The Trump administration has quietly erased pages on the Stonewall National Monument website referencing bisexual individuals, according to journalist Erin Reed.
Earlier this year, under Trump’s presidency, authorities digitally removed references to transgender people from the same site, sparking protests and raising concerns about censorship of LGBTQ+ history.
Reed, an independent journalist and transgender woman, said in an Instagram reel: “As the famous Niemöller poem goes, ‘First they came for…’ And now they’re coming for bisexual people.”
“They are literally doing bi-erasure” – Erin Reed
She highlighted changes to the language used on the site: “On Stonewall’s website it read that before the 1960s, almost everything about living openly as a lesbian, gay or bisexual was illegal — as if living as a transgender person was not illegal at that time. Well, just this month they’ve made a new change. It now reads that almost everything about living authentically as a gay or lesbian person was illegal.
“They are literally doing bi-erasure.”
Reed also pointed to other changes: “They say it was a milestone for gay and lesbian civil rights, where it used to say LGBTQ civil rights… and now they say living as a member of the Stonewall community was a violation of the law — rather than saying the LGBTQ community.”
In a statement issued by the Stonewall Inn and the Stonewall Inn Gives Back Initiative in February, reps said they were “outraged” by the changes that erased the trans community from its history.
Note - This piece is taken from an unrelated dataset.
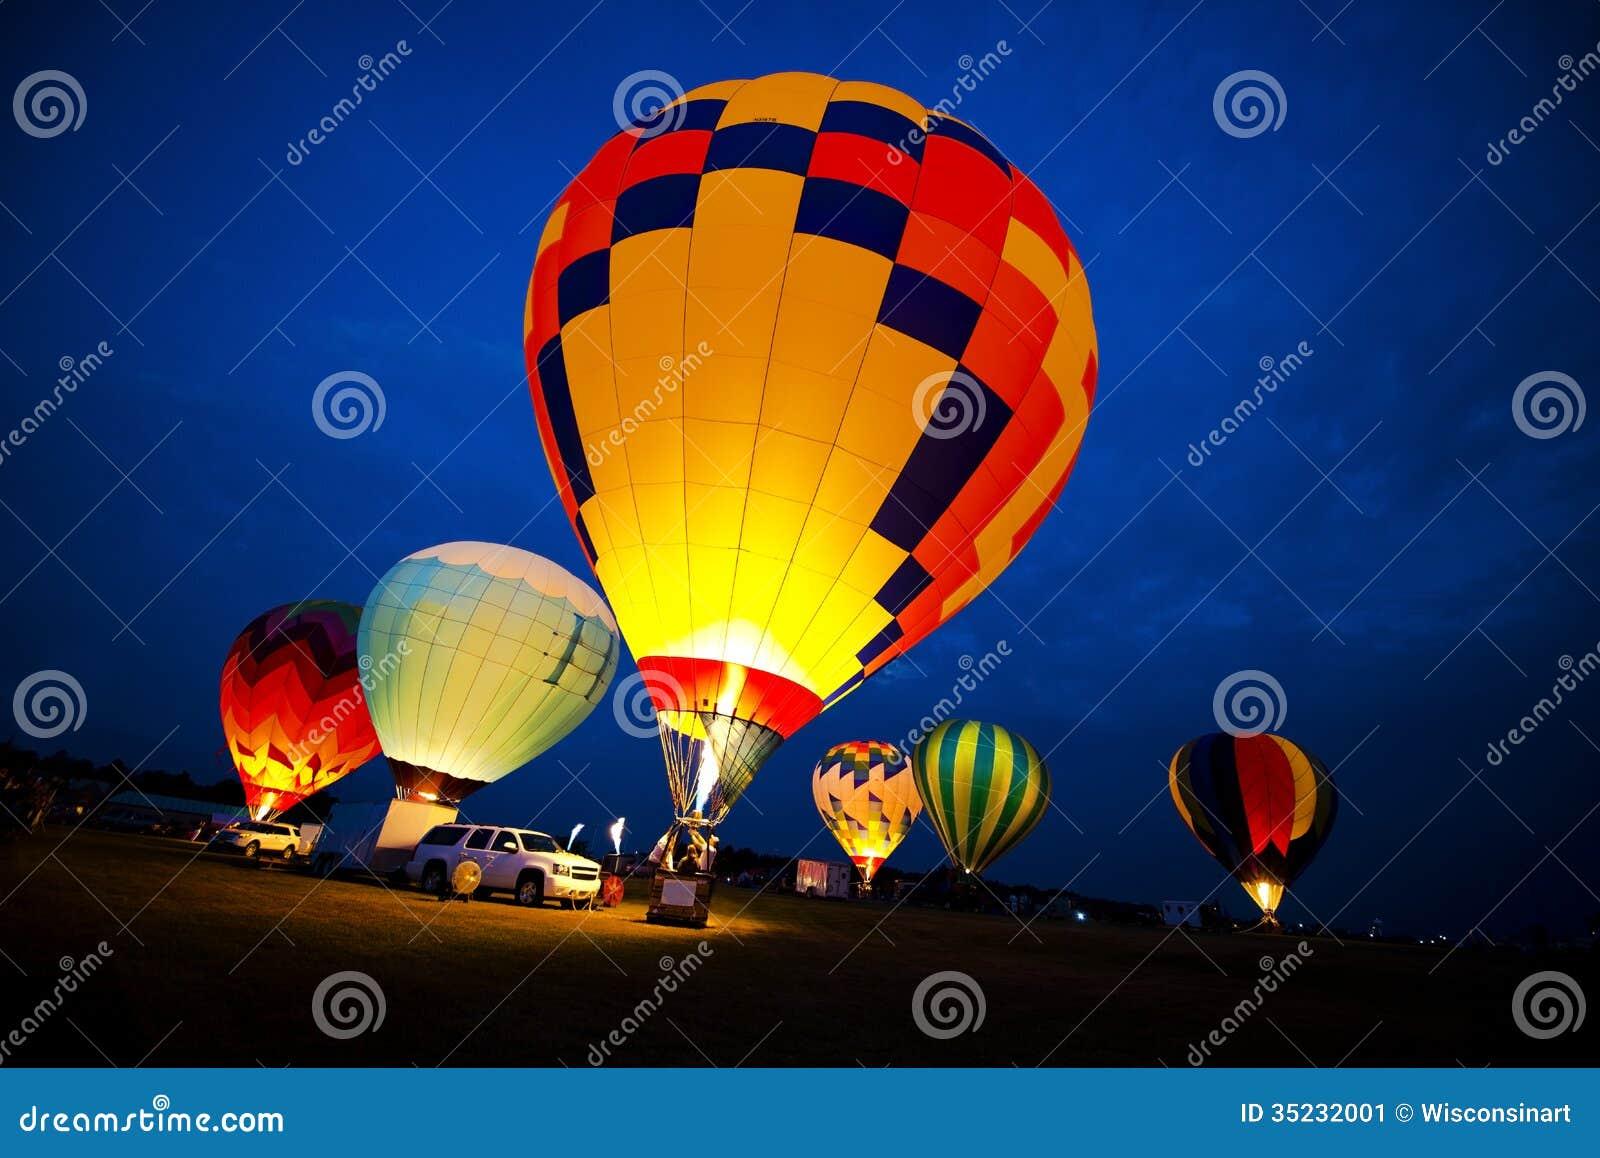 Τα χρώματα μπαλονιών ζεστού αέρα, που εξισώνουν το φως πυράκτωσης νύχτας παρουσιάζουν
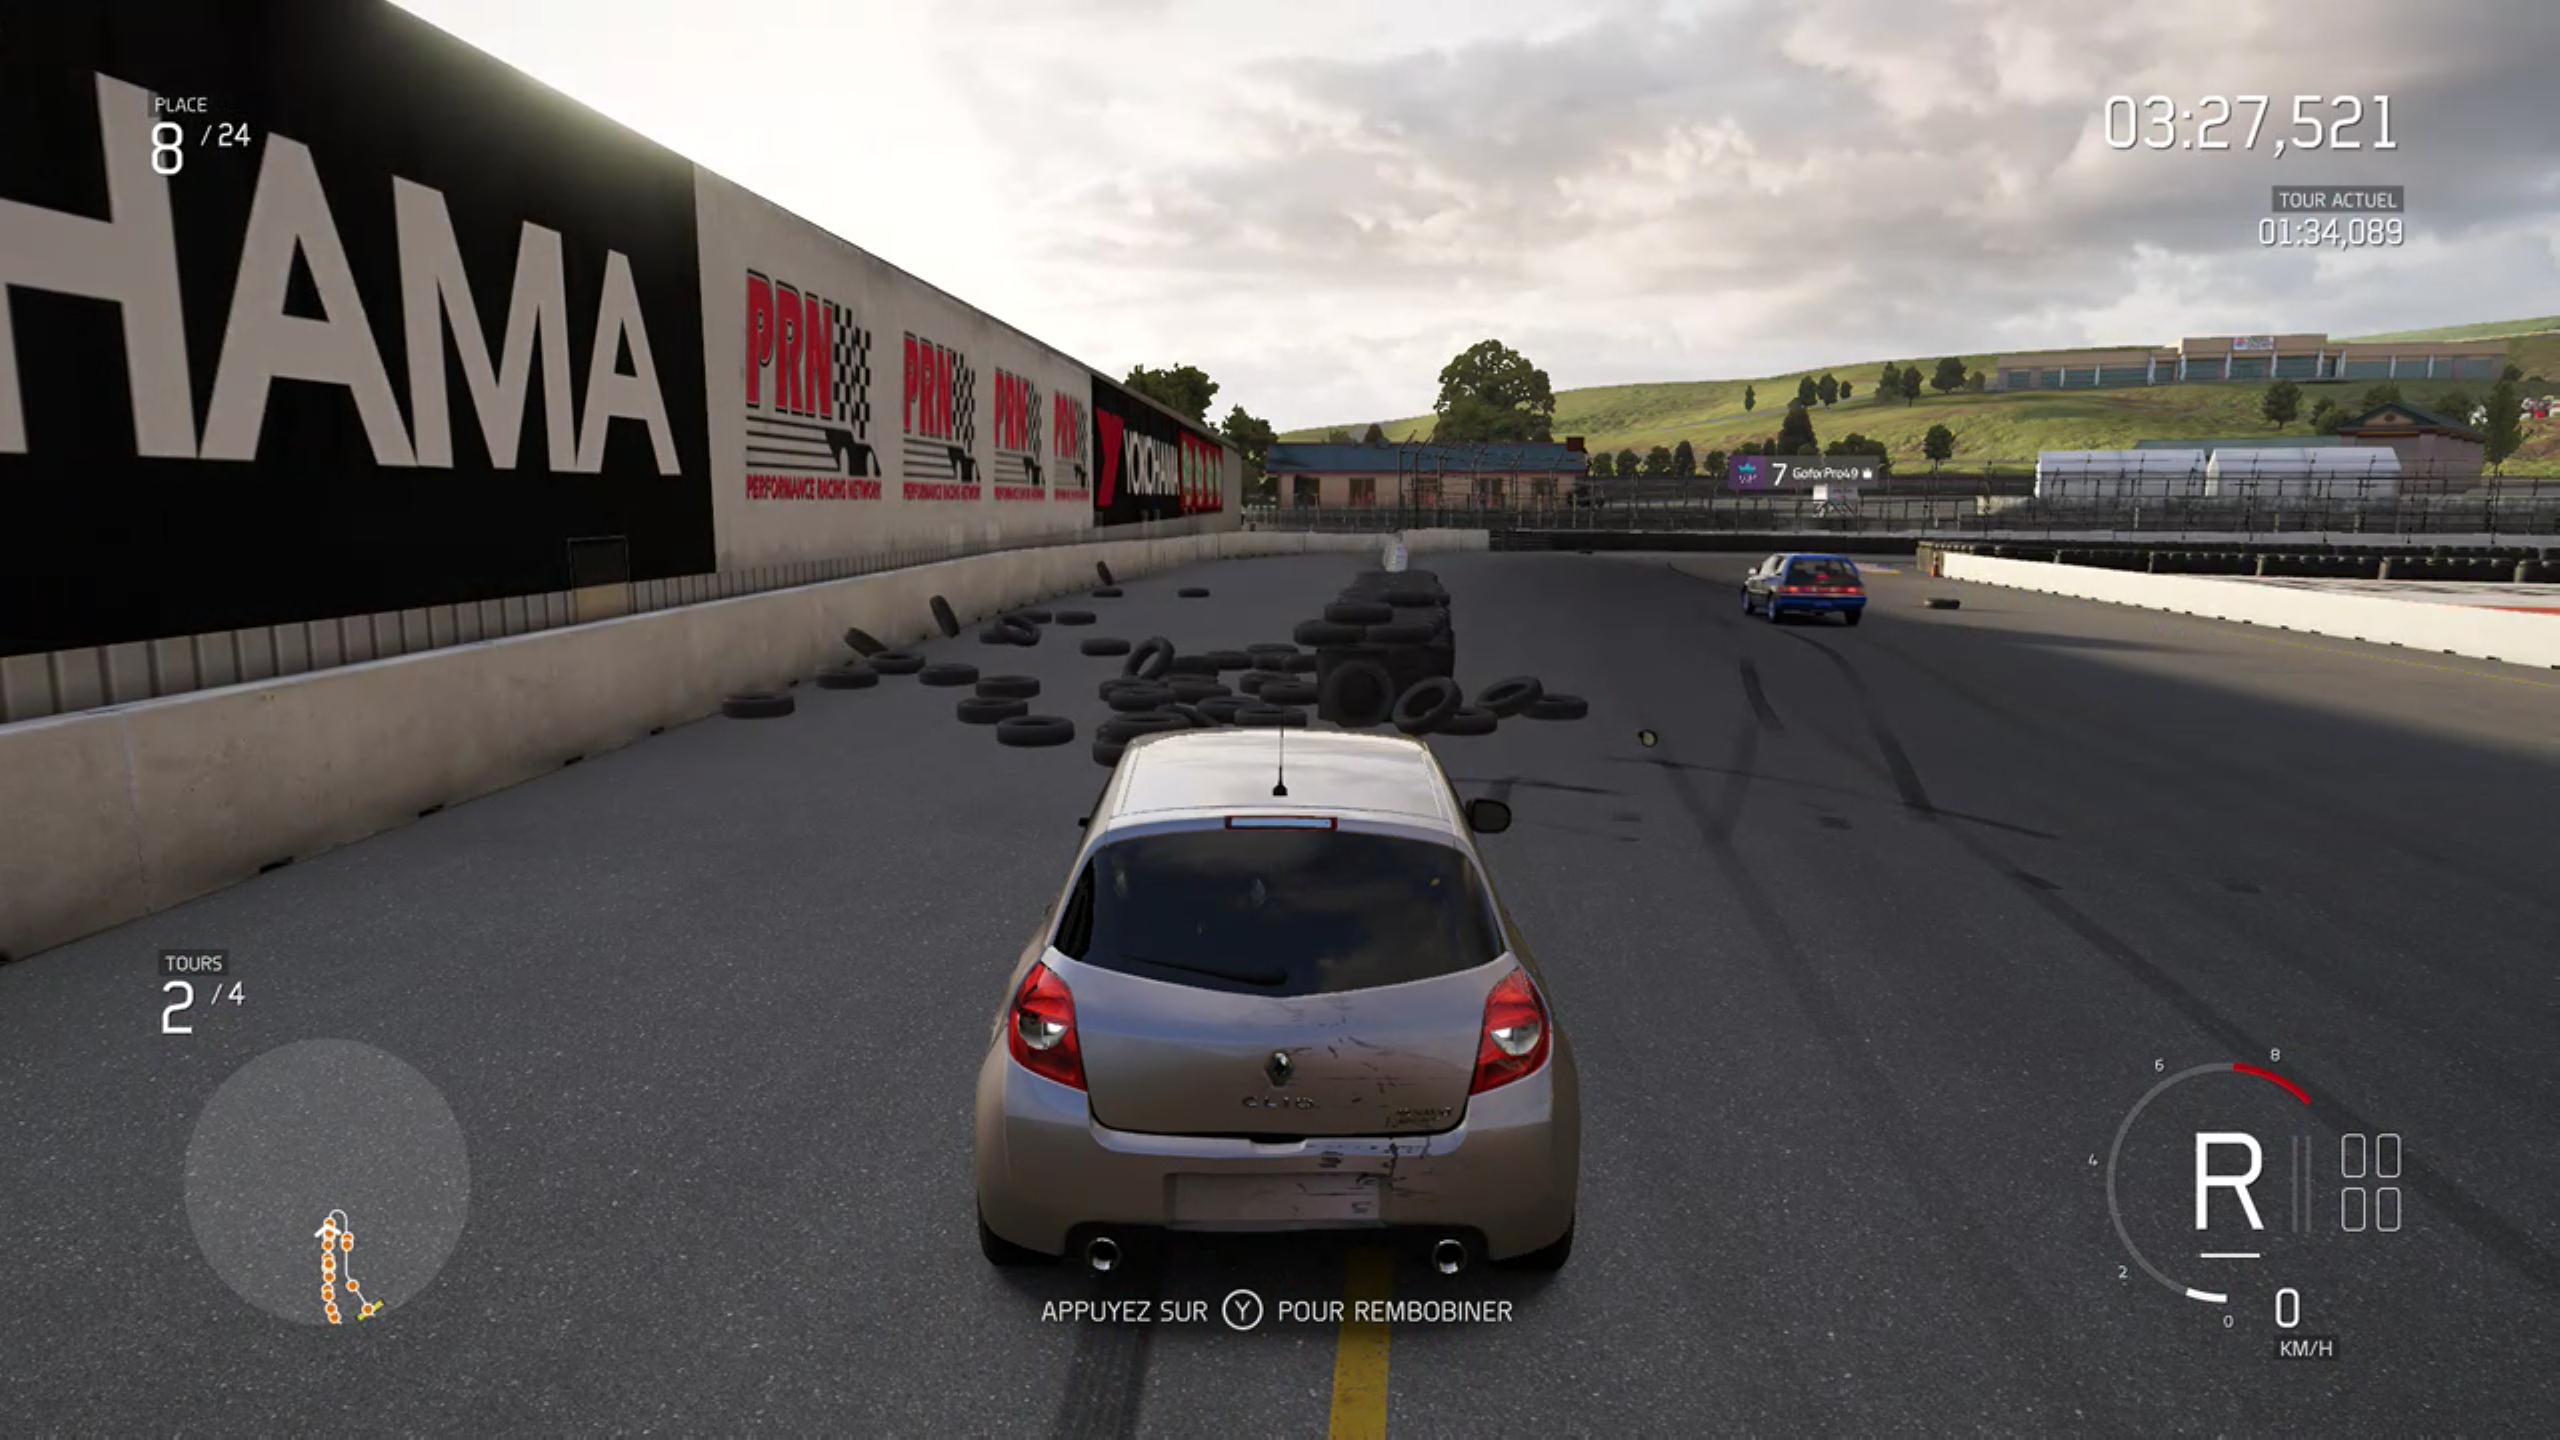 Forza 6 : les murs de pneus

The omission comes despite growing evidence that bisexual people represent a majority of the LGBTQ+ population in the United States
A recent Gallup poll found that 58 percent of LGBTQ+ adults in the US identify as bisexual, reinforcing what some researchers have described as the “invisible majority” within the queer community.
While the administration’s digital alterations have sparked concern, the National LGBTQ Wall of Honor at the Stonewall Inn remains unchanged. Its latest honourees include seven transgender icons.